Feast or Fast by Elizabeth Brown, MS, RD
Soup is good for the soul
Long before the British settled in America, Native American Indians invoked this annual feast we call Thanksgiving as a way to celebrate the harvest and give thanks for a successful bounty of crops. Yet somehow we have turned it into a feast without an actual harvest for which to be thankful, at least not for most of us.
For most Americans, food is an abundant luxury we often take for granted. We have so much food available at any time that we never have to eat the same thing twice. We can even get thousands of calories for merely hundreds of pennies.
There are many ways to show gratitude for the harvest even if you have not grown your own. Buy fresh local produce at the farmer’s market. Say “Thank you” to the farmers who supply your nutritious nibbles. Perhaps even give them a hug or at least make a purchase. Make this a habit which will benefit both you and the farmer.
Some other ways to give thanks for an abundance of food is to fast. Especially after a day or two of feasting, a mild fast can give you a break from the kitchen and offer your belly a break as well.
You could use the money you save on food that day to buy food for those less fortunate.
Although an absolute fast is not recommended for any extended period of time, there are ways to “fast” and still meet your needs for nutrients, warmth, comfort, purification and spirituality.
The season might dictate which type of fast you choose. For example, you may choose to “spring clean” your body in preparation for the warm days of summer. Therefore, liquid or raw food fasts would be ideal. Because we are heading into winter, warm foods would be a better way to prepare the body for the stillness of winter.
Follow the example of nature. During fall, everything in nature contracts and moves its essence inward and downward. Leaves and fruit fall, seeds dry and the sap of trees goes into the roots.
Fall is indeed the season of harvest, a time to pull inward and gather together on all levels, a time to store fuel. It is the time to regroup and reorganize from the more scattered patterns of summer. To stimulate these actions, choose sour foods such as pickles, olives, sauerkraut, lemons, limes, grapefruit and sour apples.
Winter is a time for reflection, introspection and contraction.
According to Traditional Chinese Medicine (TCM), the ability to listen clearly is heightened in the cold, silent months. Growing up in Pennsylvania, I can attest that the winter was a very reflective time period especially while walking on newly fallen snow when the air was crisp and the earth seemed pure.
TCM also follows that the kidneys are the “opening to the ears” and the kidneys are most affected by the winter months. Therefore, having strong, vital kidneys is essential throughout the winter months. The person with healthy kidneys is active yet calm, courageous but gentle, accomplishes a great deal without stress, and balances assertive action with nurture. I call this listening to your body.
As winter approaches, add bitter and salty foods. These foods emphasize the “storage-oriented” season, a time to rest, meditate and store physical energy.
Bitter foods include watercress, endive, escarole, turnip, celery, asparagus, alfalfa, rye, oats, quinoa and amaranth whereas some healthful salty food options are miso, soy sauce or tamari, seaweeds and sea salt.
It may not seem that a fast is appropriate since we are supposed to take this time to store physical energy. However, fasting comes in many forms, even inasmuch as simplifying the diet. A cooked food “fast” for fall and winter may consist of steamed leafy greens and root vegetables with grains such as brown rice or quinoa and legumes such as mung beans.
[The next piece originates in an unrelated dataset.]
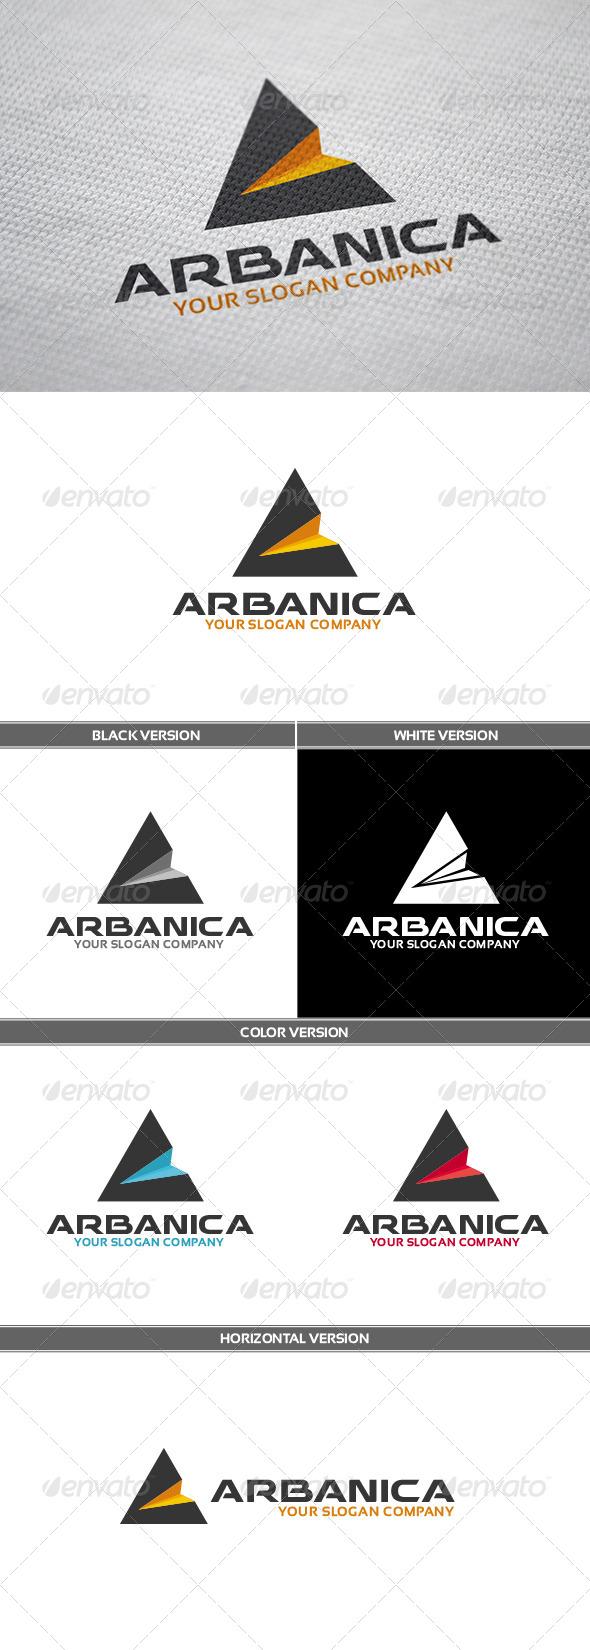 GraphicRiver Arbanica Logo 6715168

A hearty soup signifies warmth, comfort and contemplation—the perfect food to stimulate rest and reflection in the coming months.
Hearty Miso Soup
8 cups water
4 mushrooms, fresh or dried (chopped)
2 pieces wakame seaweed (rehydrated and chopped)
1/2 head napa cabbage or green cabbage (cut into 1/2 inch strips)
2 stalks celery (chopped crosswise)
2 carrots (cut into half moons)
1 turnip, small cubed
1/2 yellow onion (cut into quarters and chopped crosswise)
White or yellow miso, added just before serving
Place wakame and mushrooms in water to rehydrate, then chop. Use the soaking liquid as part of your eight cups of water. Pour into a large pot. Add mushrooms, wakame, cabbage, celery, carrots, turnip and onions. Simmer for 20 minutes or until vegetables are tender. Add one teaspoon of miso to each bowl of soup just before serving in order to preserve the biological activity of the cultures in this fermented paste.